Freud’s favourite haunt, the Cafe Landtmann, still stands on the Ring, the renowned boulevard which surrounds the city’s historic Innere Stadt.
Trotsky and Hitler frequented Cafe Central, just a few minutes’ stroll away, where cakes, newspapers, chess and, above all, talk, were the patrons’ passions.
“Part of what made the cafes so important was that ‘everyone’ went,” says MacNamee. “So there was a cross-fertilisation across disciplines and interests, in fact boundaries that later became so rigid in western thought were very fluid.”
Beyond that, she adds, “was the surge of energy from the Jewish intelligentsia, and new industrialist class, made possible following their being granted full citizenship rights by Franz Joseph in 1867, and full access to schools and universities.”
And, though this was still a largely male-dominated society, a number of women also made an impact.

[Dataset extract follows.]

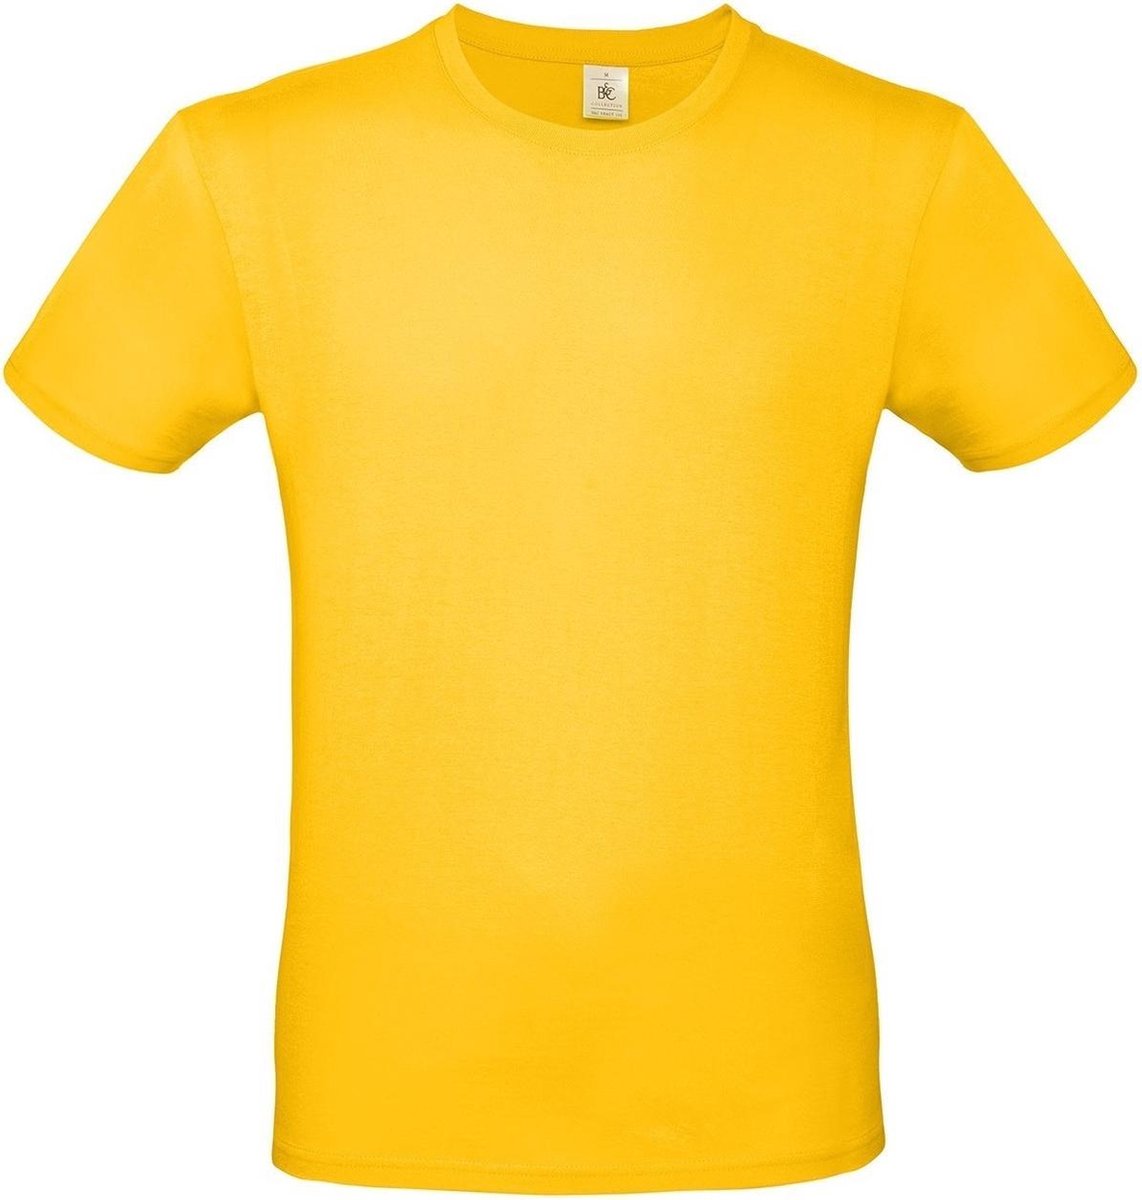 Set van 3x stuks geel basic t-shirt met ronde hals voor heren - katoen - 145 grams - gele shirts / kleding, maat: L (52)

Alma Mahler, whose composer husband had died in 1911, was also a composer and became the muse and lover of the artist Oskar Kokoschka and the architect Walter Gropius.
Though the city was, and remains, synonymous with music, lavish balls and the waltz, its dark side was especially bleak. Vast numbers of its citizens lived in slums and 1913 saw nearly 1,500 Viennese take their own lives.
No-one knows if Hitler bumped into Trotsky, or Tito met Stalin. But works like Dr Freud Will See You Now, Mr Hitler – a 2007 radio play by Laurence Marks and Maurice Gran – are lively imaginings of such encounters.
The conflagration which erupted the following year destroyed much of Vienna’s intellectual life.
The empire imploded in 1918, while propelling Hitler, Stalin, Trotsky and Tito into careers that would mark world history forever.